■ **Your task**:
Once the line containing "Agence matrimoniale rencontre" is found in the material below, it and every line after it should be transcribed exactly, with pictures left out and nothing added.

■ **Given data**:
____________________

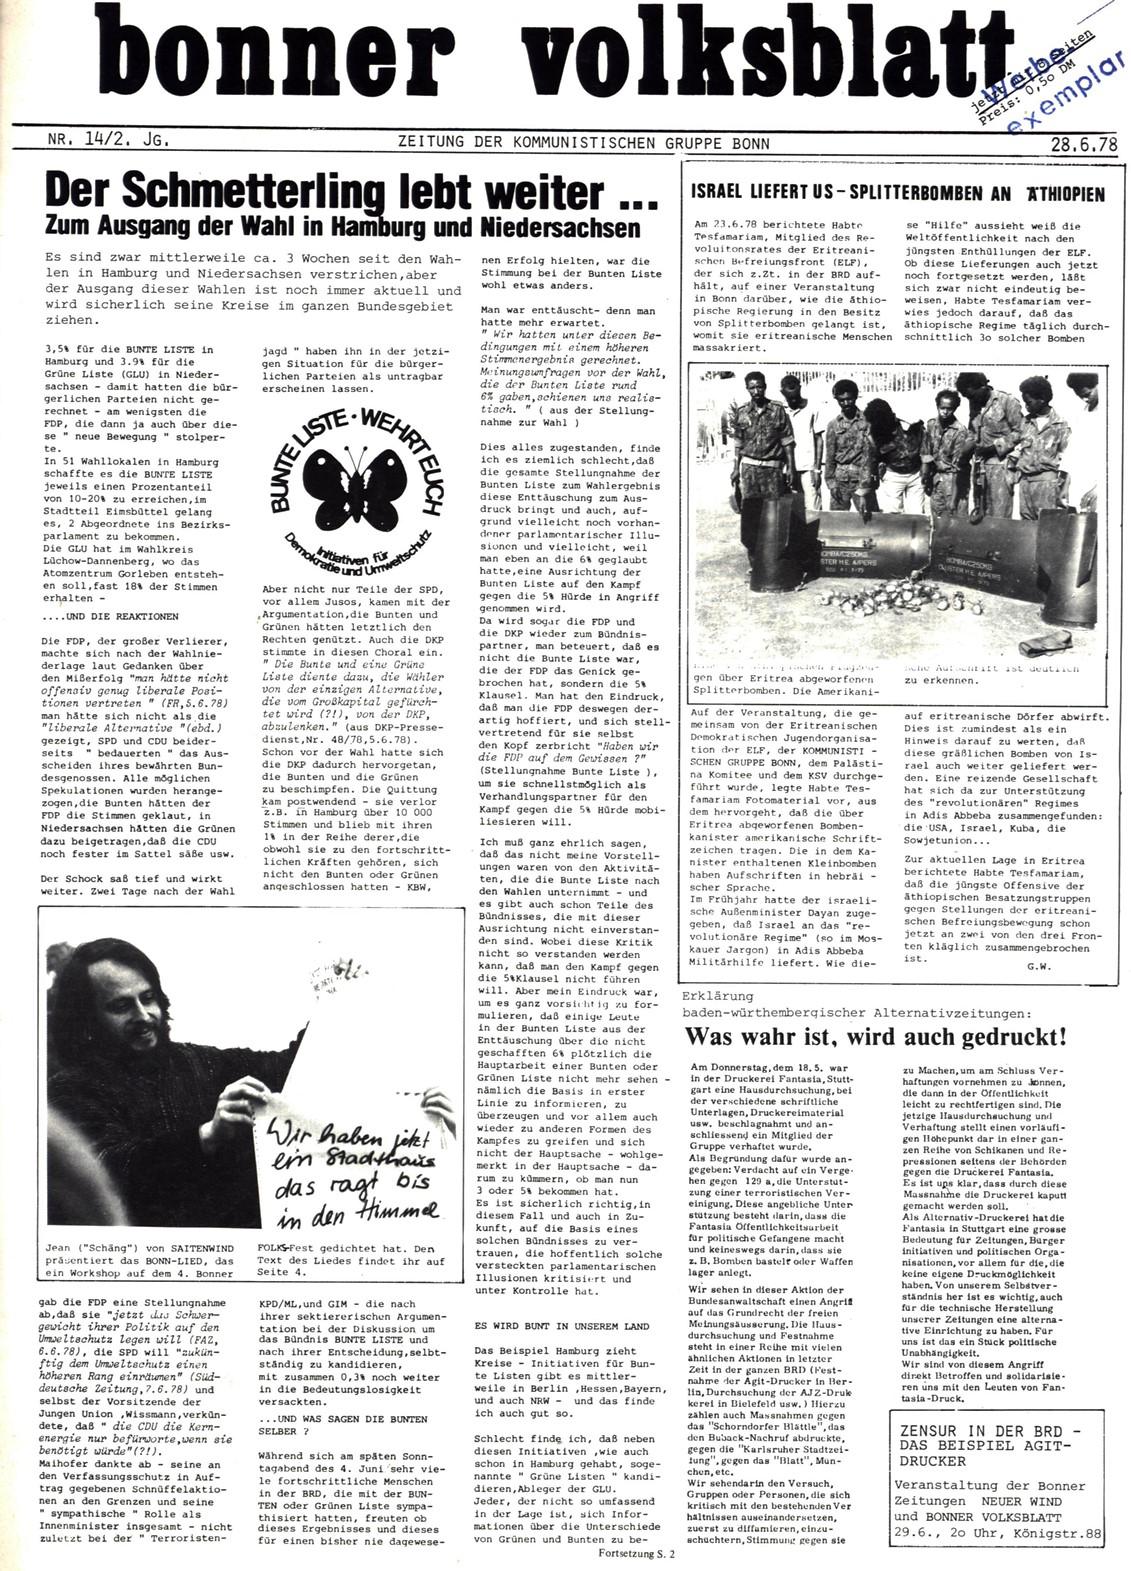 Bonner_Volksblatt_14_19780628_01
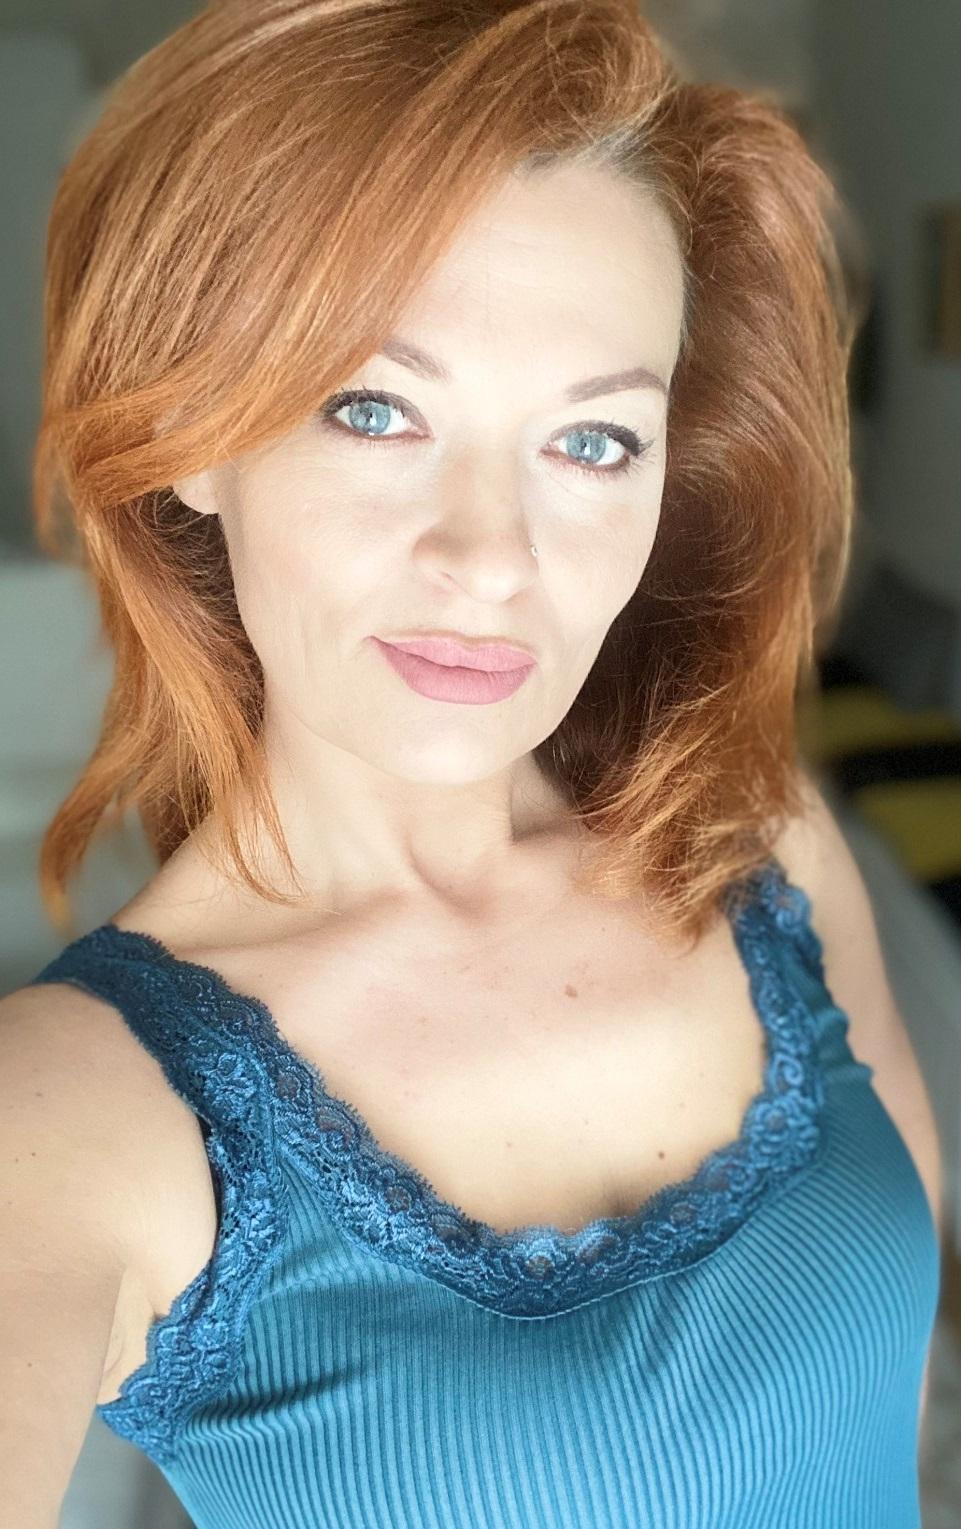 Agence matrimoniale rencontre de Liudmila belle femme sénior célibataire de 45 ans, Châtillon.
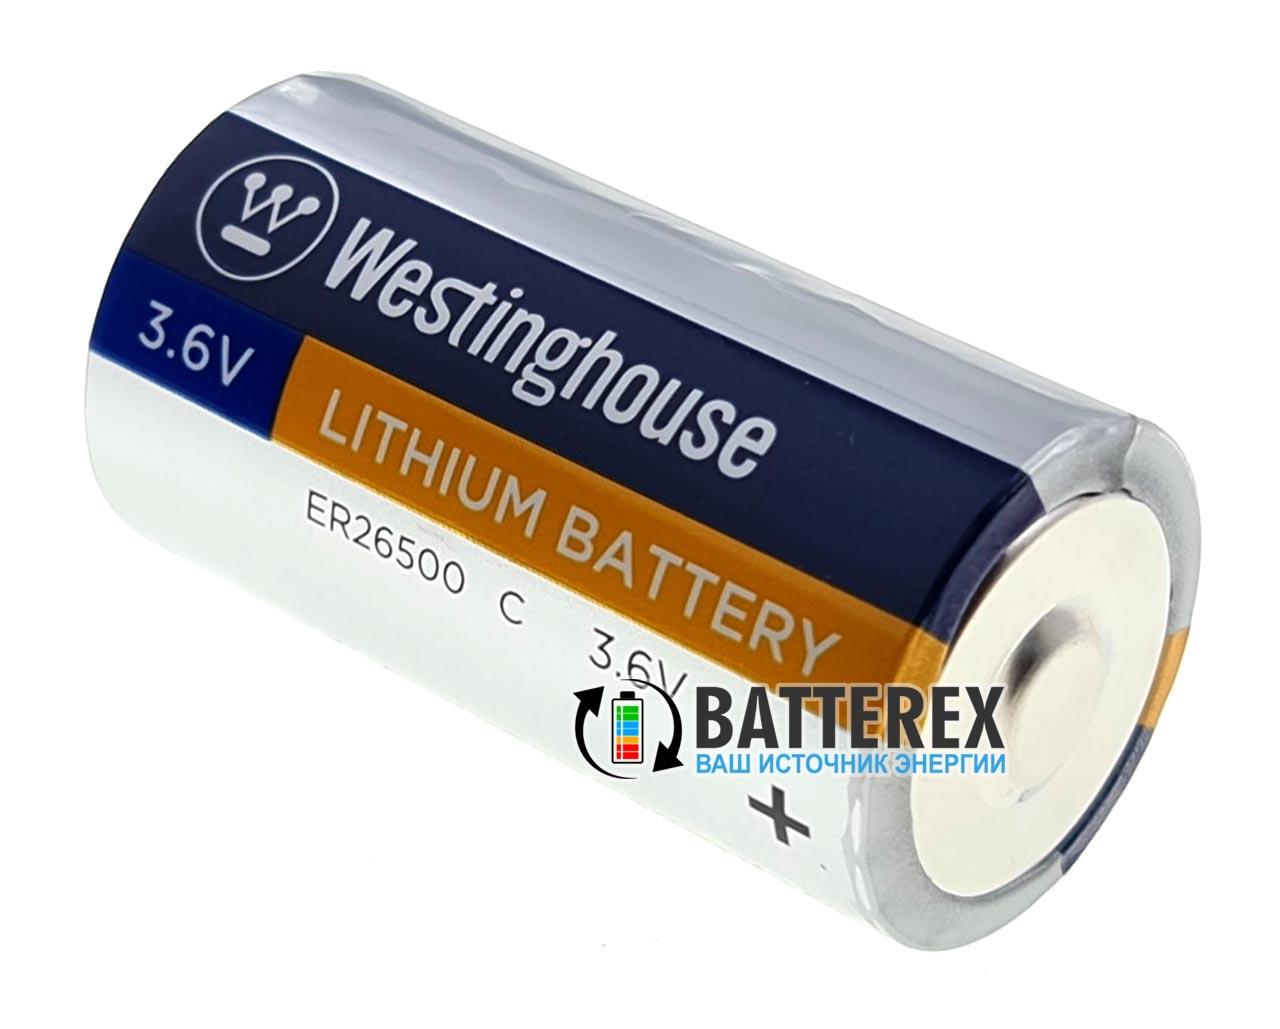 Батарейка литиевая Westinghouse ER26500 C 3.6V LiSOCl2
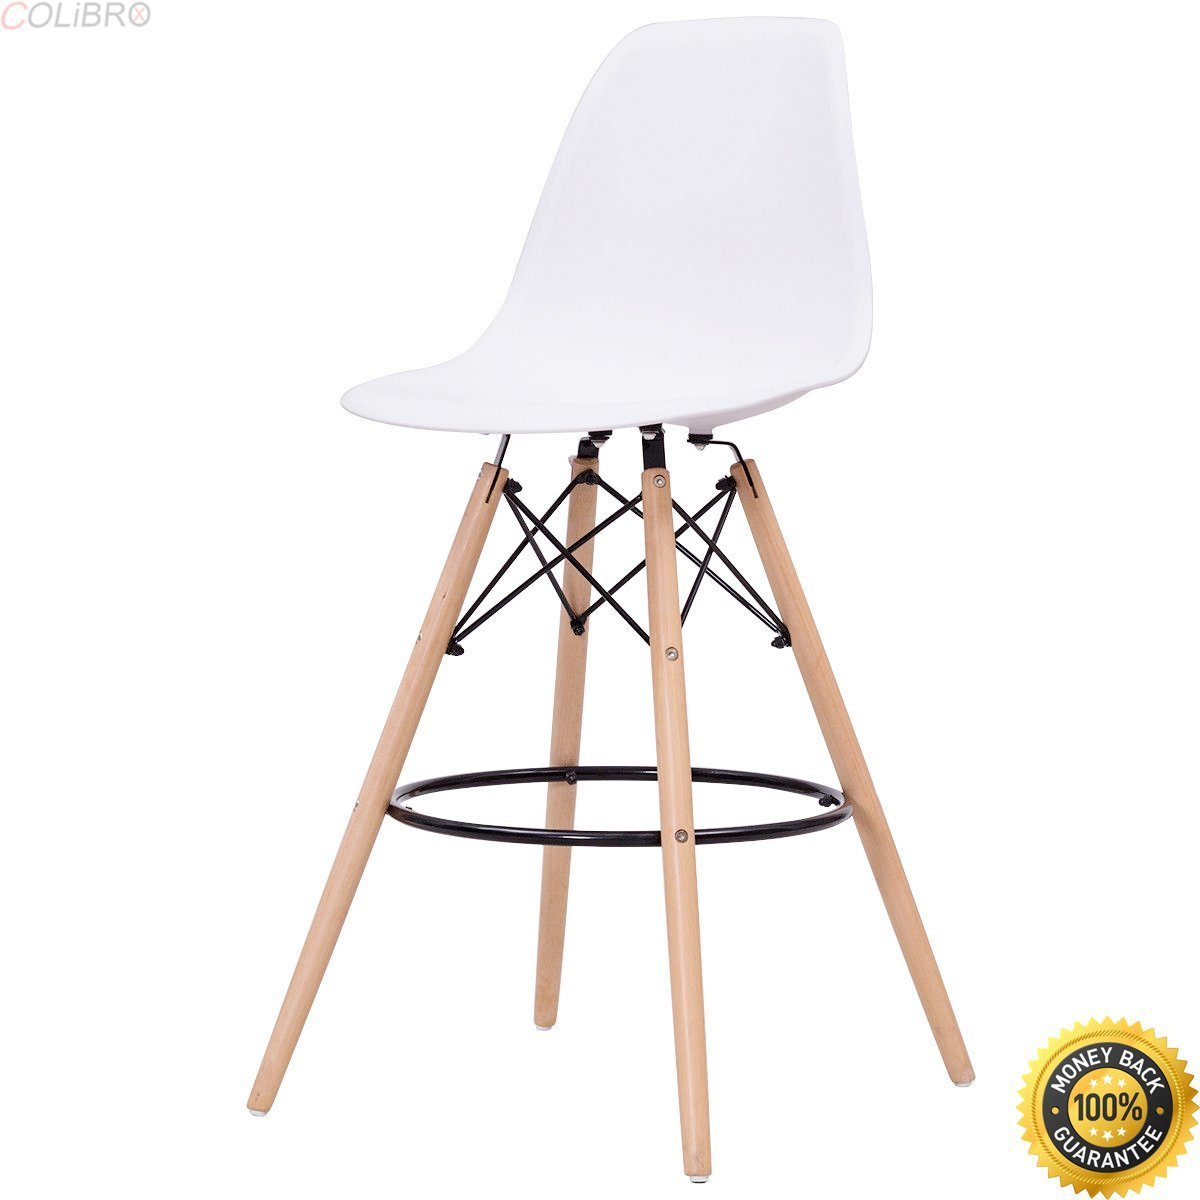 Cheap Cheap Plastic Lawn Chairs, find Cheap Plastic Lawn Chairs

____________________

■ **Solution to this problem**:
 Agence matrimoniale rencontre de Liudmila belle femme sénior célibataire de 45 ans, Châtillon.
 Батарейка литиевая Westinghouse ER26500 C 3.6V LiSOCl2
 Cheap Cheap Plastic Lawn Chairs, find Cheap Plastic Lawn Chairs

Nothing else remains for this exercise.